ChOTD-4/17/14 The Long and Short of General Electric (GE): Charts Do Not Justify Bullishness
If General Electric is still considered a bellwether for the economy or market, a look at the long-term and short-term charts suggests there may be trouble ahead. First the long-term:
While most major averages have made all-time highs this year, GE’s stock price has failed to even come close. In fact it has failed at 4 major long-term technical levels:
- The post-2000 down trendline
- The 38.2% Fibonacci retracement of the post-2000 decline
- The 61.8% Fibonacci retracement of the post-2007 decline
- The high-volume breakdown level from the fall of 2007
These are all significant hurdles that, until overcome, present major challenges for GE’s stock. Now the short-term:
There are many troubling developments on this chart. First, the stock is making lower highs. It could hardly muster a bounce off of its February low, despite the broad market rallying to new highs. Speaking of bounces, the recent bounces off of the post-2012 up trendline and 200-day simple moving average have been weaker and weaker. This action is setting up a potential bear flag, presumably to be resolved with a trendline break and a leg lower.
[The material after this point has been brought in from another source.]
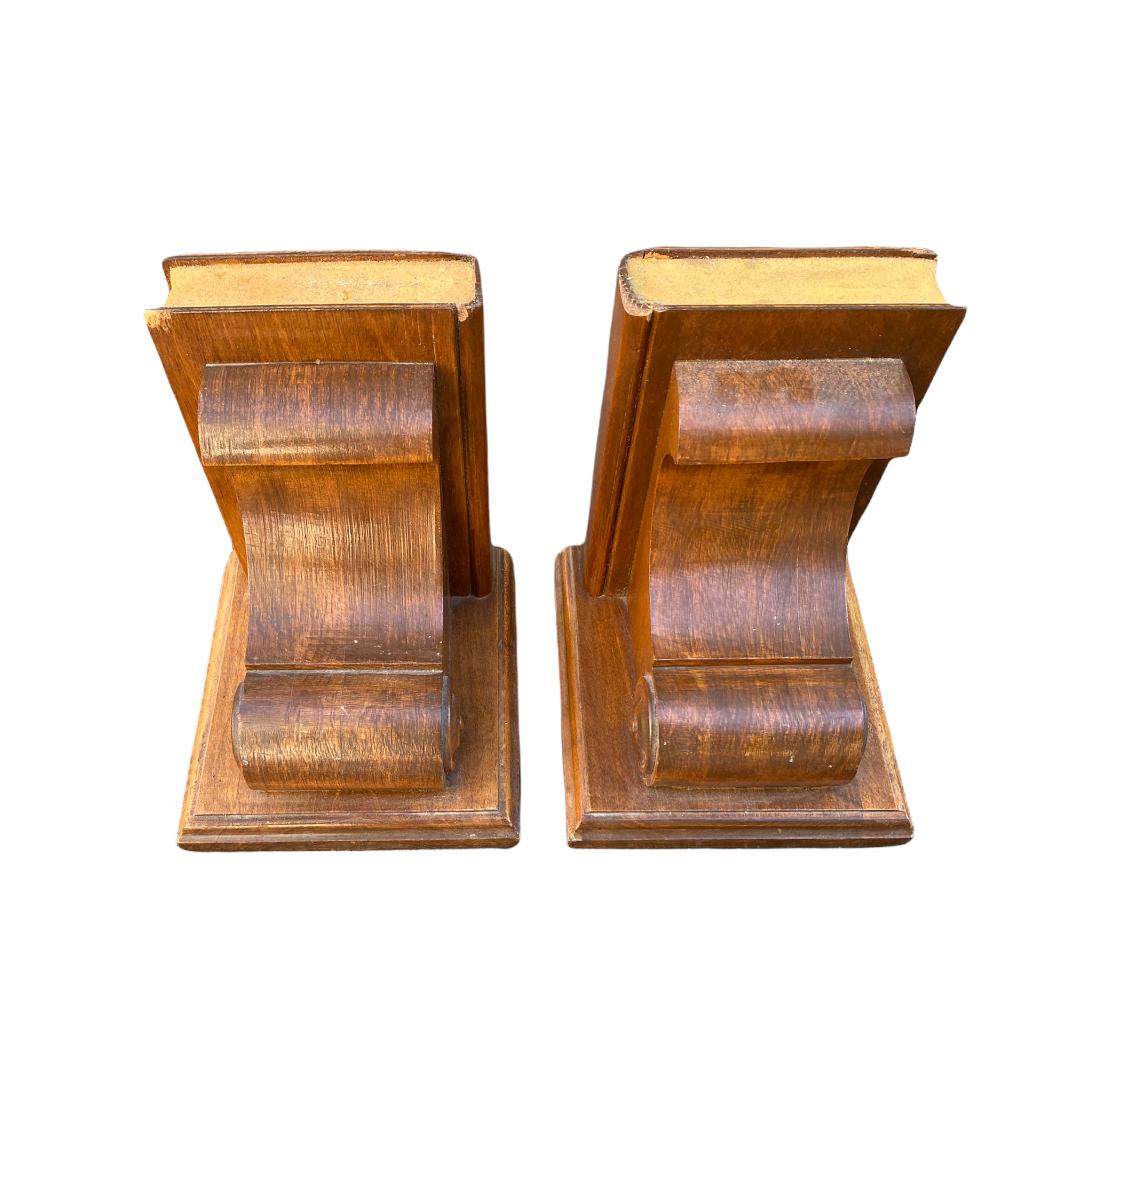 Wood Antique Bookends with Academic Motif

Additionally, its on-balance volume has weakened this year and is now firmly below its trend for the first time in over 2 years. Finally, the 100% bullish sentiment reading according to StockTwits respondents screams contrarian bearish to us.
Perhaps there is something fundamental that we don’t look at to justify this bullishness in the stock…and perhaps earnings will propel it above the key long-term levels noted above. However, until that happens we see very little on the chart to be constructive about.